__AIM OF THE EXERCISE__: The response should consist of the data below, copied exactly, with no pictures in it.

__DATA SEGMENT__:
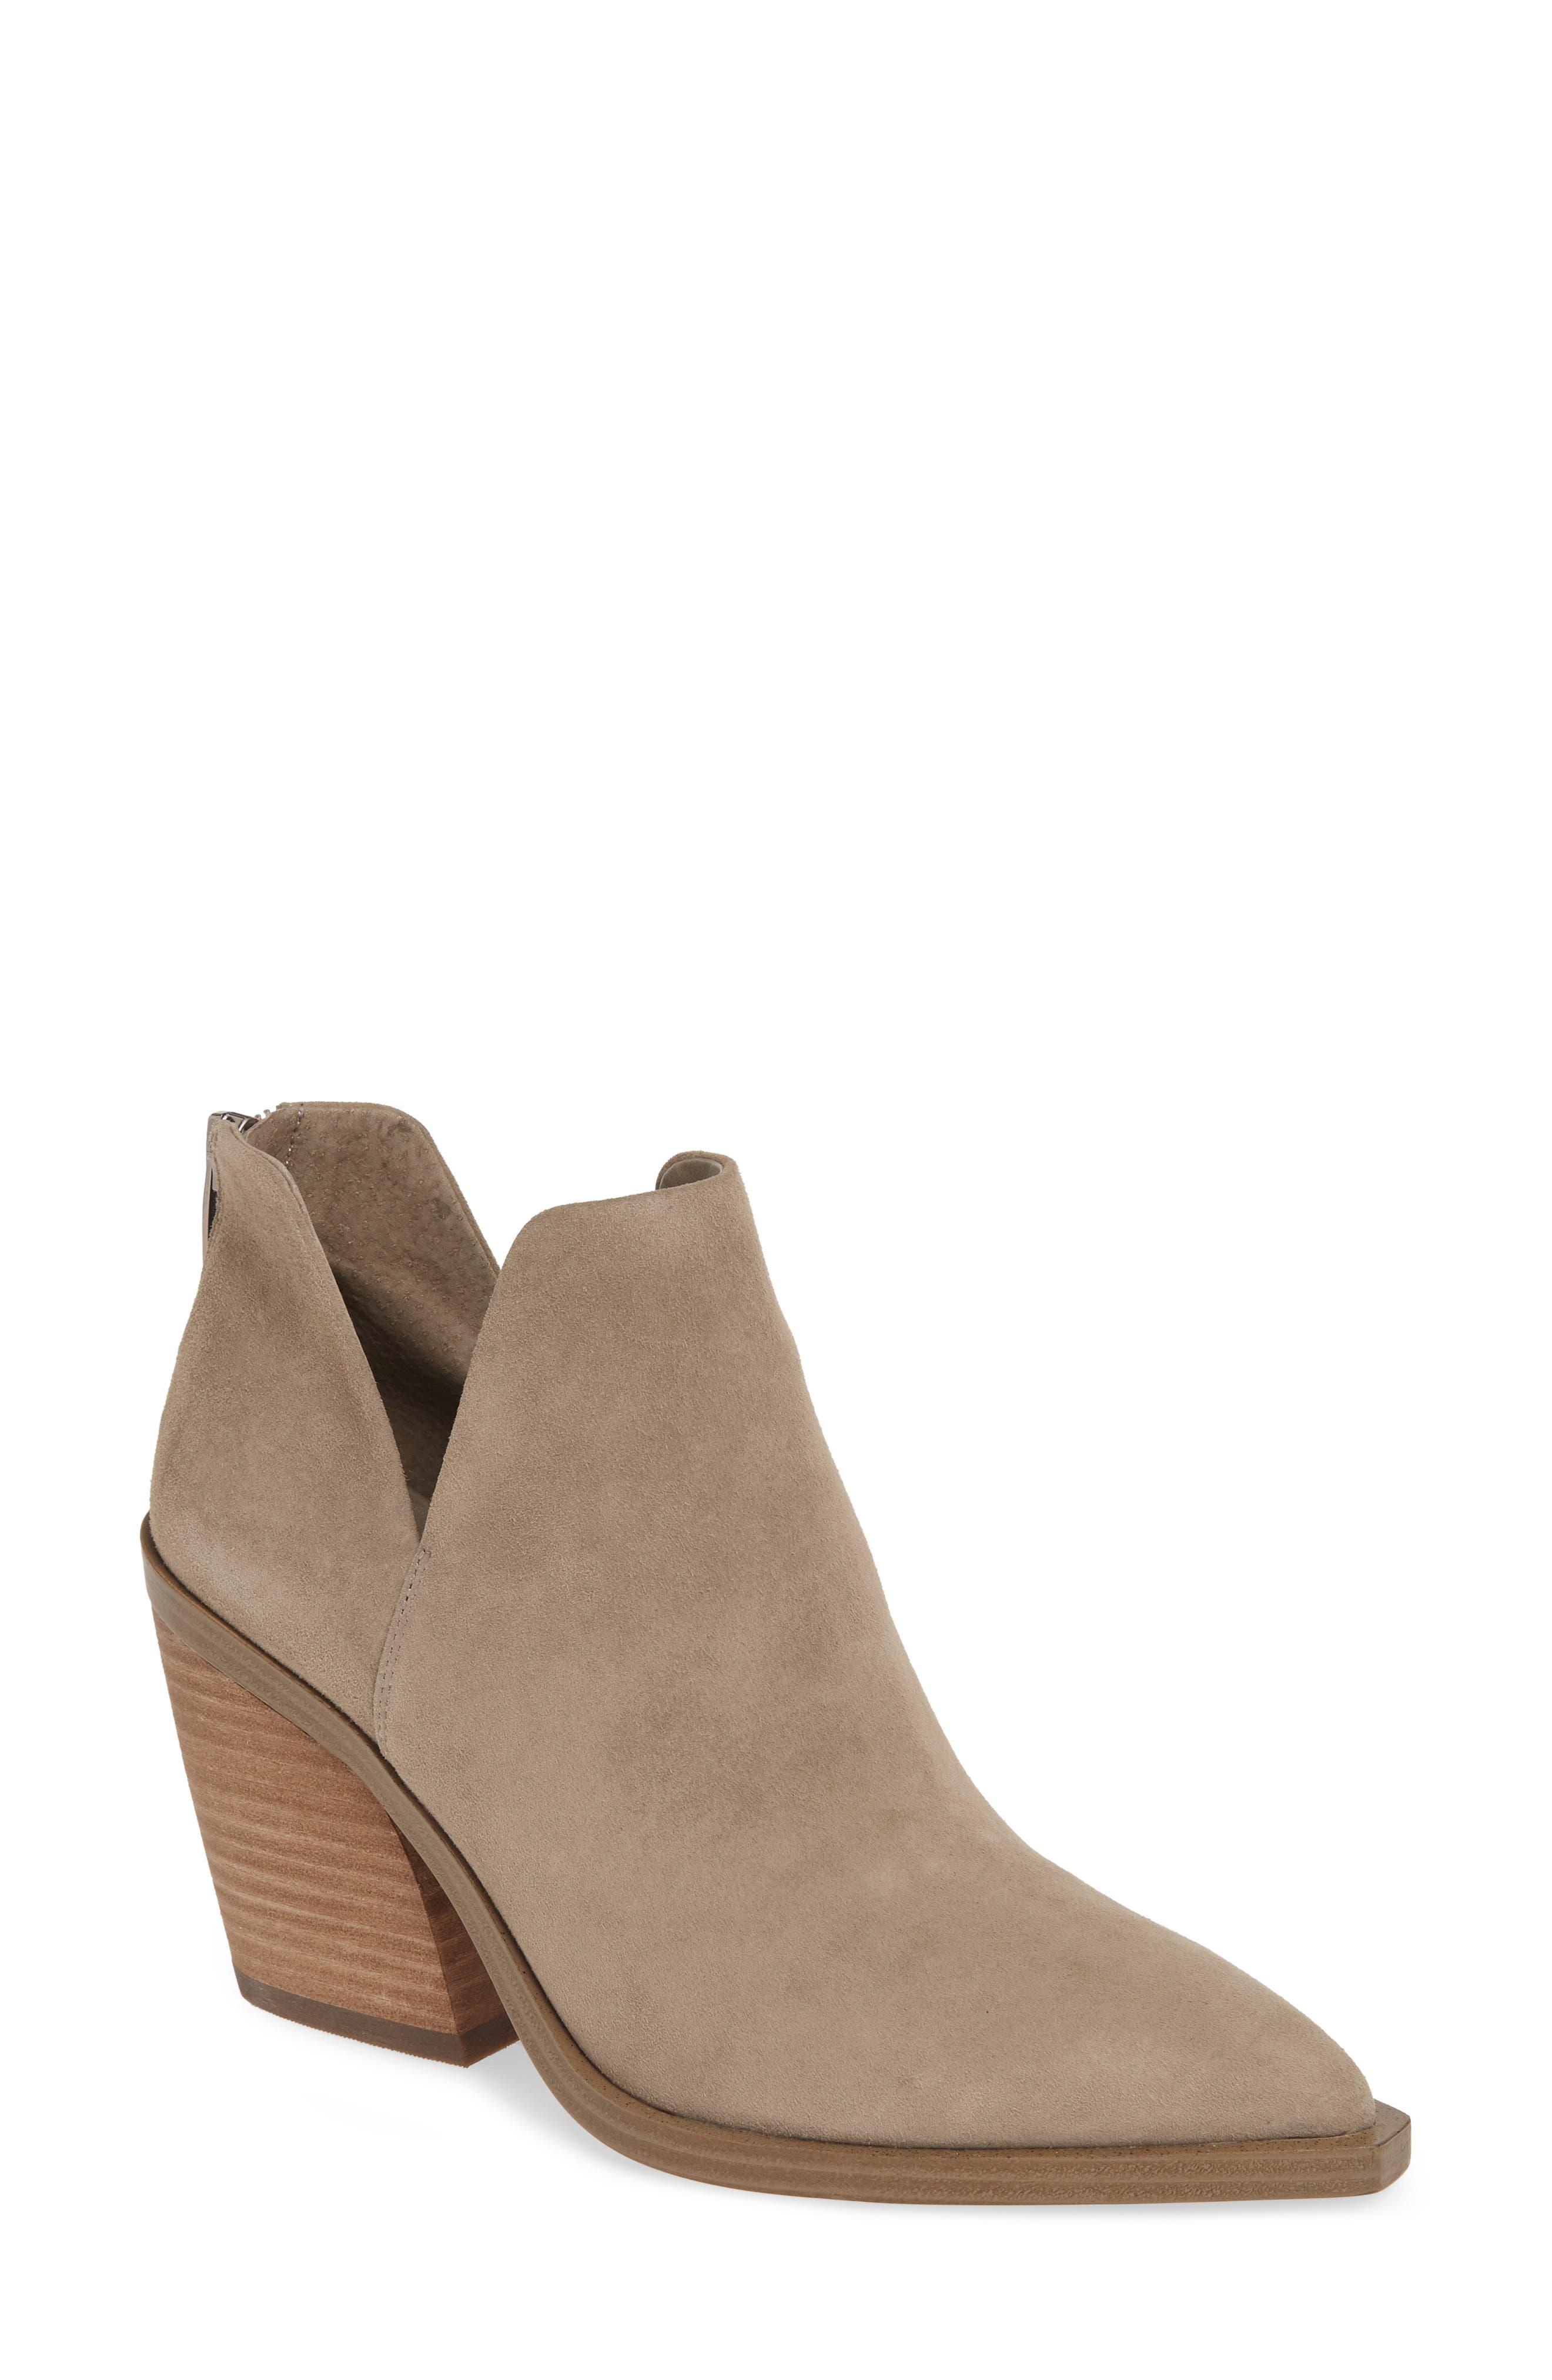 Women's Shoes | Nordstrom
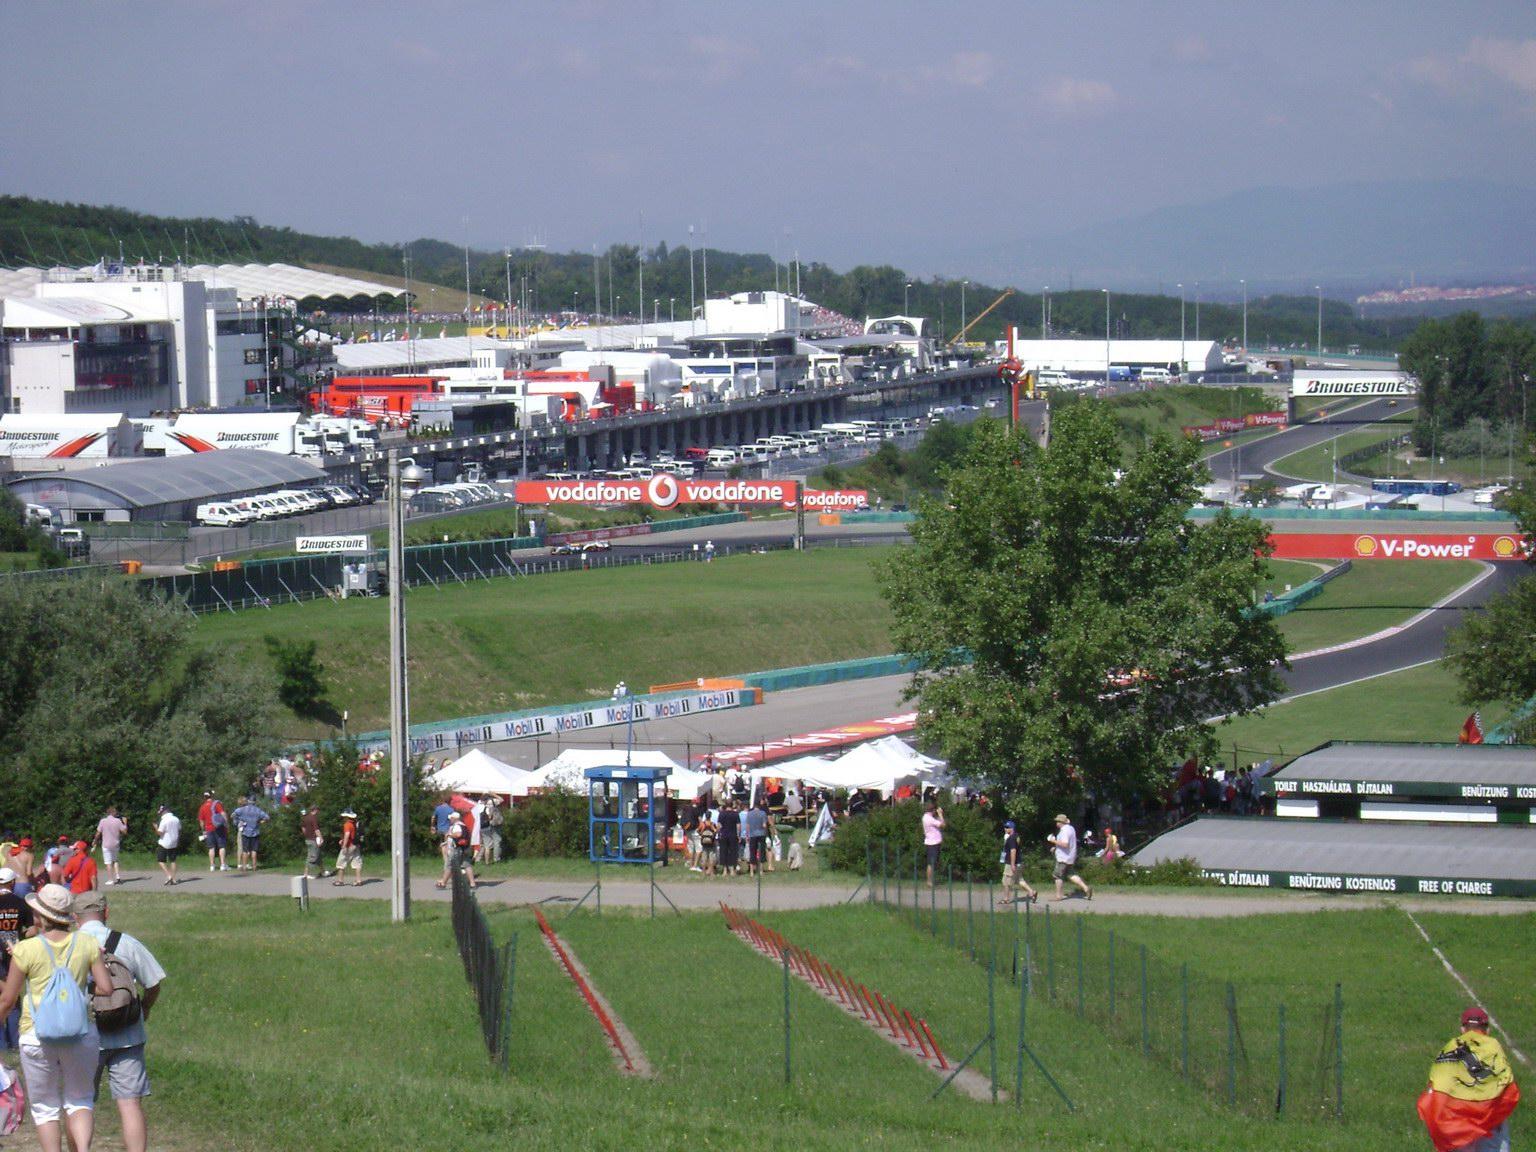 Travelling: Hungaroring Formula 1
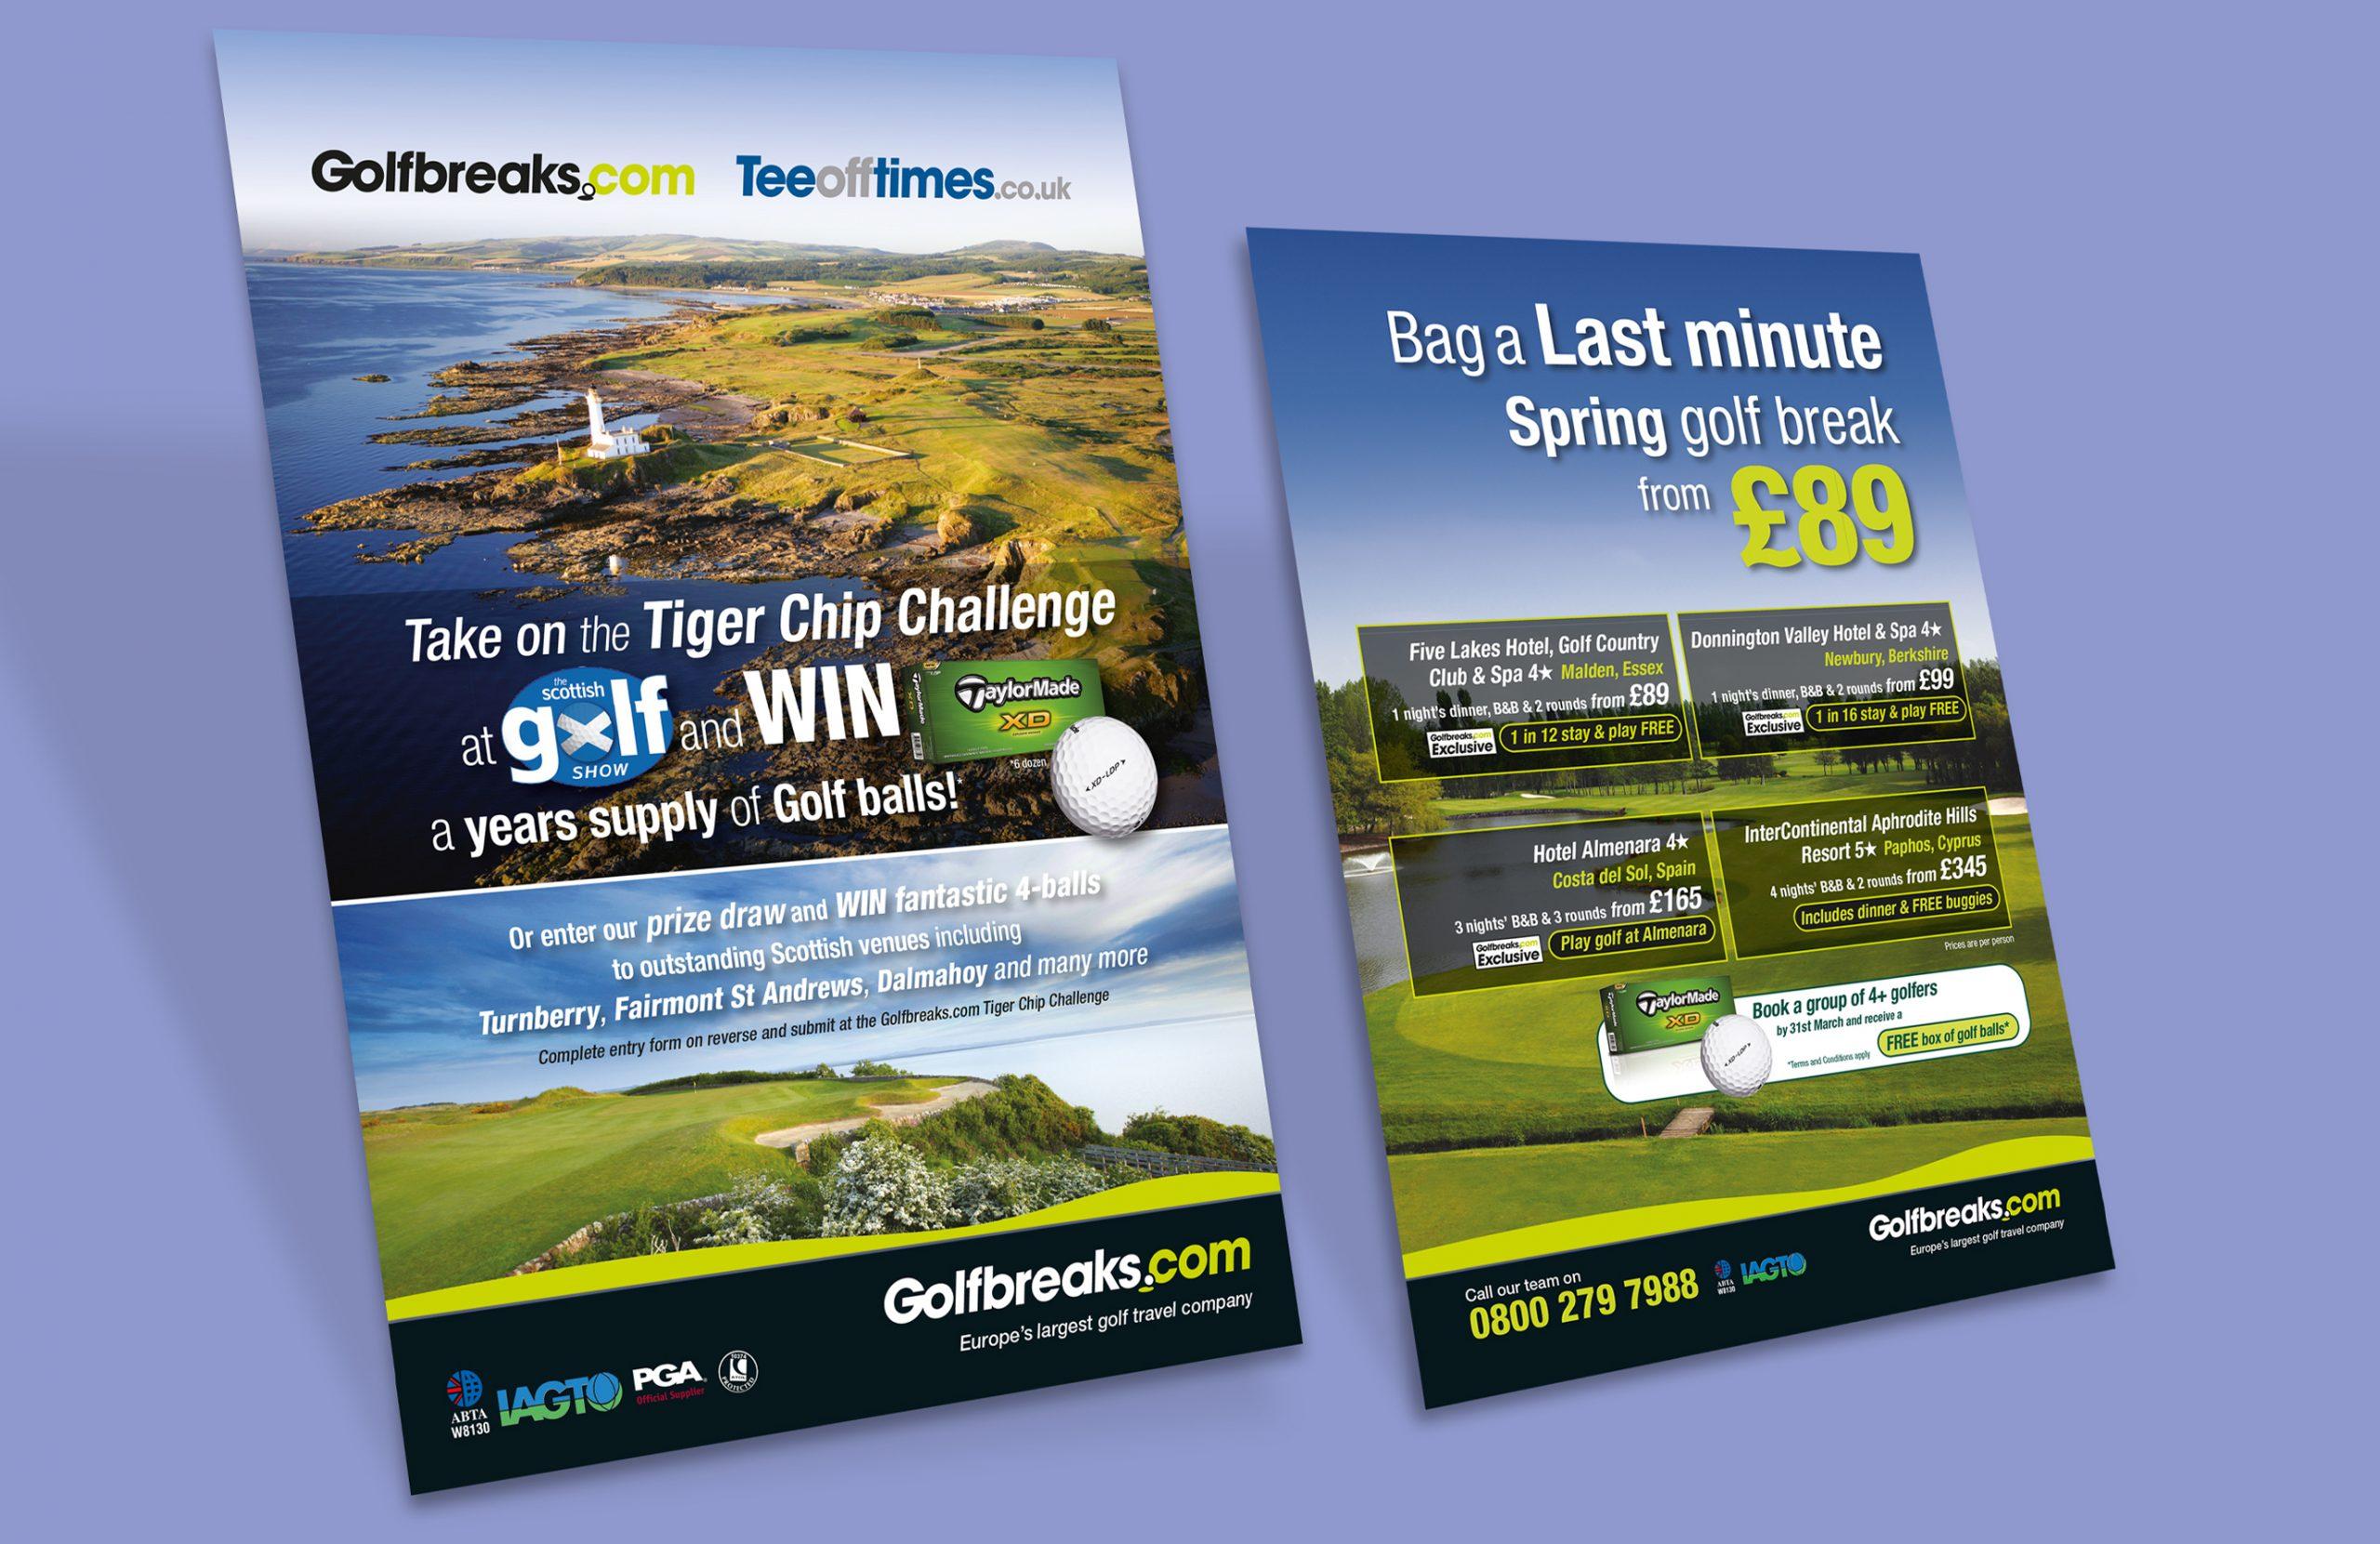 Golfbreaks.com creative

__WORKED SOLUTION__:
 Women's Shoes | Nordstrom
 Travelling: Hungaroring Formula 1
 Golfbreaks.com creative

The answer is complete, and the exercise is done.